The separation policy of the former prime minister, Ariel Sharon, who strove to isolate Israelis from the conflict through the Gaza pullout and the construction of the West Bank security barrier, paid off handsomely. The vast majority of Israelis, who live in and around Tel Aviv, don’t interact with Palestinians, or even with Jewish settlers in the West Bank. Only a small number of conscripts and reservists, deployed across the barrier as part of their military service, would go there.
To most Israelis, New York, London and even Thailand are closer to home than Palestinians towns like Nablus or Ramallah and their adjacent settlements, a mere 40-minute drive from downtown Tel Aviv. Occupation stories are barely reported in the Israeli media, which prefers to praise Israeli scientific, business, and cultural achievements or to chew on the latest political scandal.

The “demographic problem” – namely, the Palestinian threat to demand “one man, one vote” and overwhelm Israel with an Arab majority between the Jordan River and the Mediterranean – is widely discussed in op-ed articles, but fails to scare Israelis. After all, how can you be defeated by invisible people?
On Tuesday, defence minister Ehud Barak gave a dire public warning: “As long as in this territory west of the Jordan River there is only one political entity called Israel it is going to be either non-Jewish, or non-democratic,” he said. “If this bloc of millions of Palestinians cannot vote, that will be an apartheid state.” Clear as they were, his words failed to stir public debate.

First-time foreign visitors are often struck.
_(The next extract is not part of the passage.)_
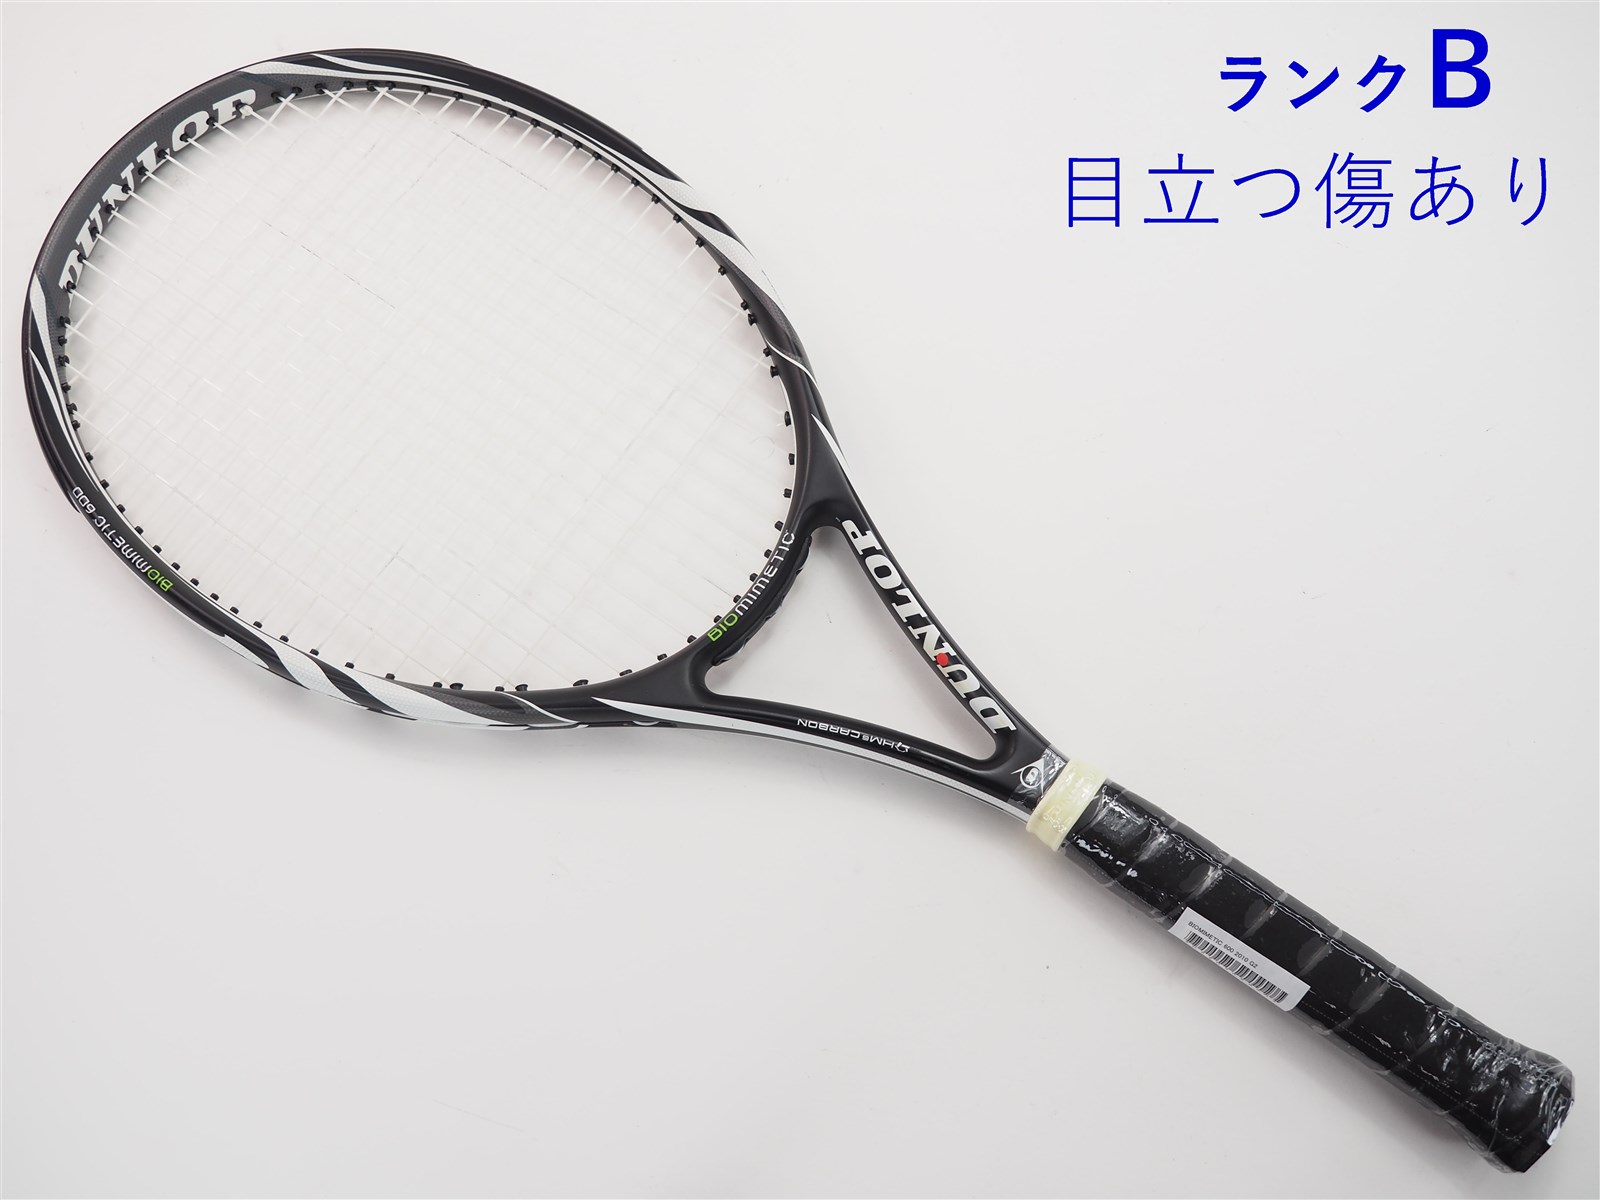 テニスラケット ダンロップ バイオミメティック 600 2010年モデル (G2)DUNLOP BIOMIMETIC 600 2010

They have heard of “Israeli apartheid” and expect to see separate toilets and buses for Jews and Palestinians. Instead, when exposed to Tel Aviv’s beaches and lively night spots, they are shocked. “I thought it would be far more religious and conservative” is a common visitor’s perception. And they never see any Palestinians around, unless they bother to drive up the hills to find them.
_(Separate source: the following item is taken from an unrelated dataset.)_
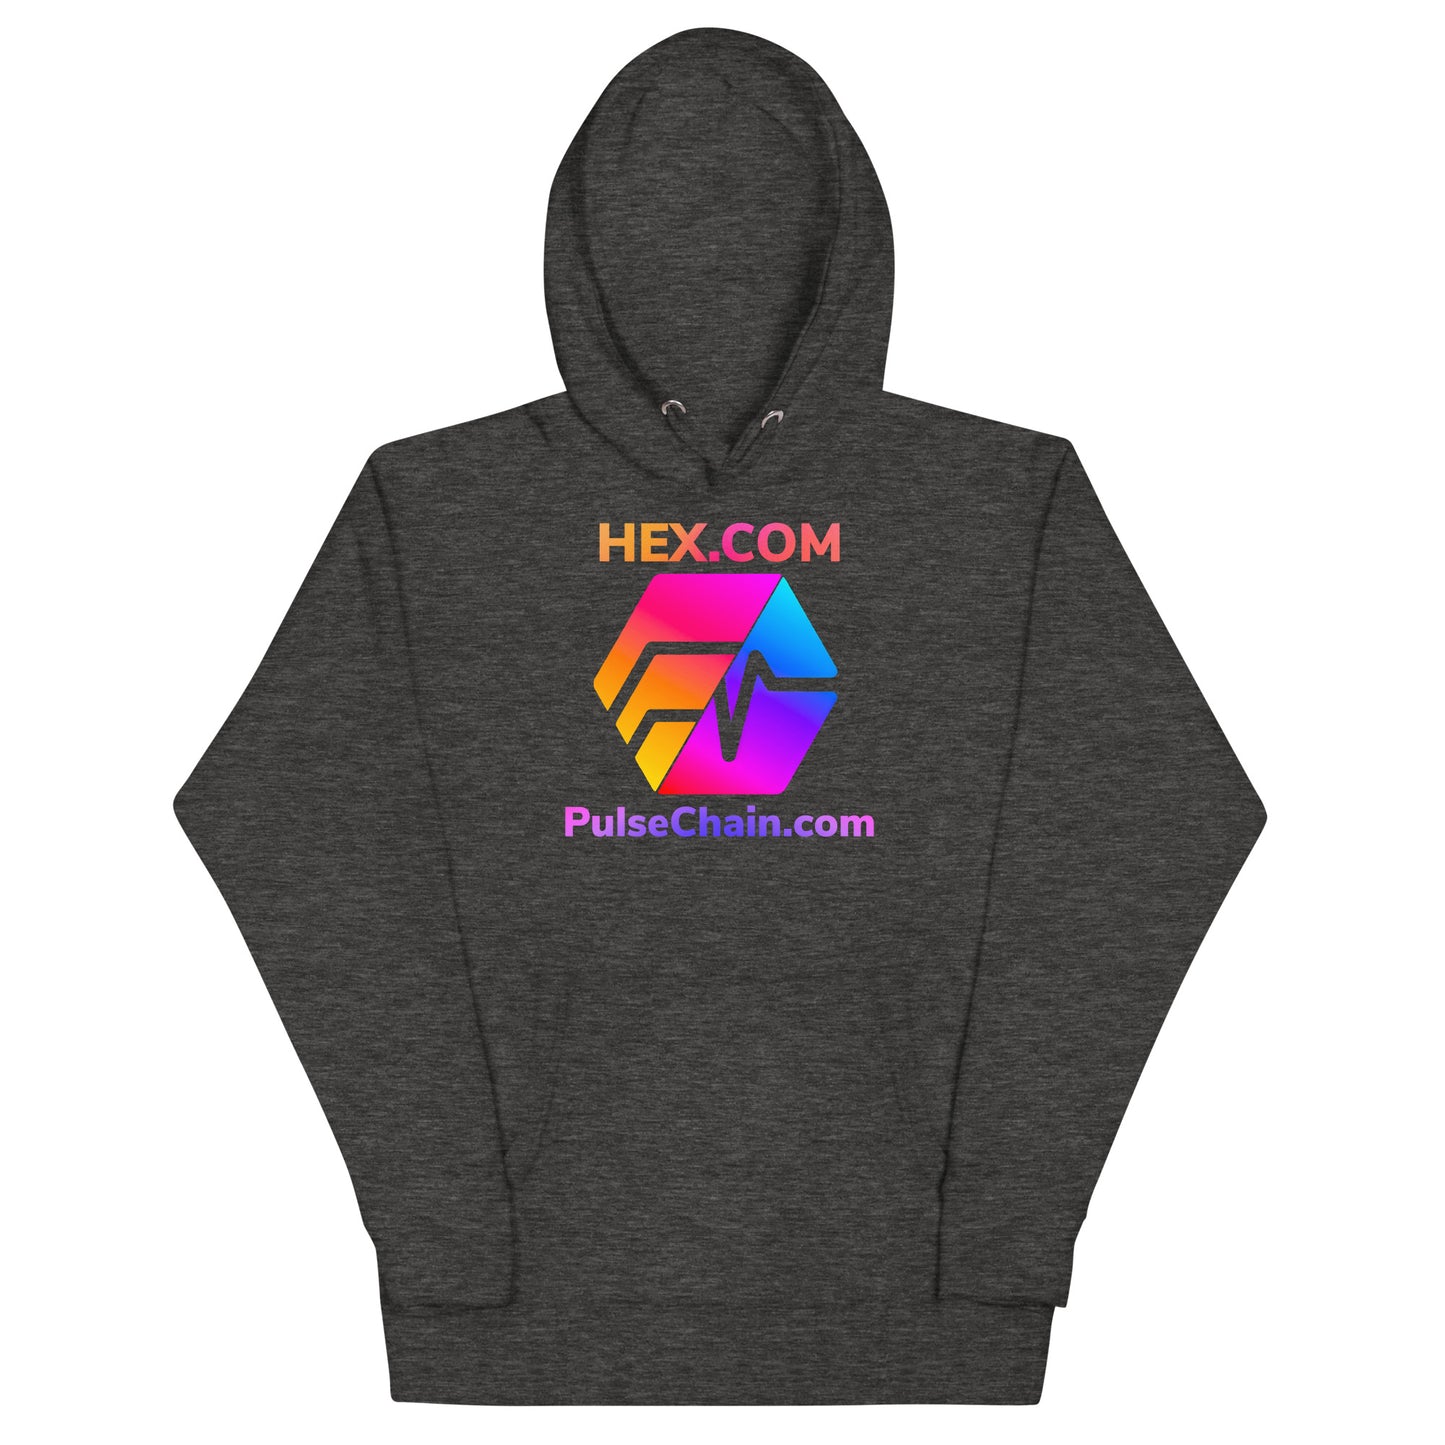 HEX.COM/PulseChain.com Unisex Premium Hoodie

The government’s PR machine tries to build on this sentiment, leading an effort to “rebrand” Israel away from the image of an unpleasant fortress. Bikini-clad models and high-tech entrepreneurs demonstrate the new, post-conflict, western-lookalike Israeli society. The underlying message to North American and European audiences is “We are just like you”. The Palestinians have no Bar Refaeli or Shai Agassi (the electric car innovator), both of whom spend most of their time outside Israel.
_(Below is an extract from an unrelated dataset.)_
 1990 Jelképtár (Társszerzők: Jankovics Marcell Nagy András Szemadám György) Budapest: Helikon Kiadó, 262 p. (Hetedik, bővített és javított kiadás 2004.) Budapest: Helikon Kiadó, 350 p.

A similar process happened in India. While Indians are still preoccupied with Pakistan, and despite the ongoing fighting in Kashmir and in India’s cities, they define their country outside the sub-continental conflict. India today is an economic powerhouse and aspiring global power, not only a belligerent in an endless postcolonial conflict. If they can do it, why couldn’t we?
In Israel, the appearance of calm – especially in the past year, which has been the quietest security-wise in a decade – has important political ramifications. Operation Cast Lead in Gaza, with its ensuing allegations of Israeli war crimes, is seen here as a PR problem rather than as a moral or legal issue. The settlement debate is seen through the prism of Israeli-American relations, which most Israelis cherish.

As a result, most Israelis are indifferent to the establishment of a Palestinian state. For several years, a stable two-thirds majority of Israelis have supported the idea in opinion surveys – while a similar majority doubted its possibility. They simply don’t care, since they fail to see how an independent Palestine would make any change in Israelis’ lives. At best, it might reduce some of the international criticism of Israel; and even that is doubtful. Israelis believe that security will be achieved by force, rather than diplomacy.
This attitude explains why the American effort to resume Israeli-Palestinian talks, despite ostensible majority support, fails to interest Israelis. It also explains why from the outside, Israel appears to be divorced from the reality of its occupation, and apathetic to peace.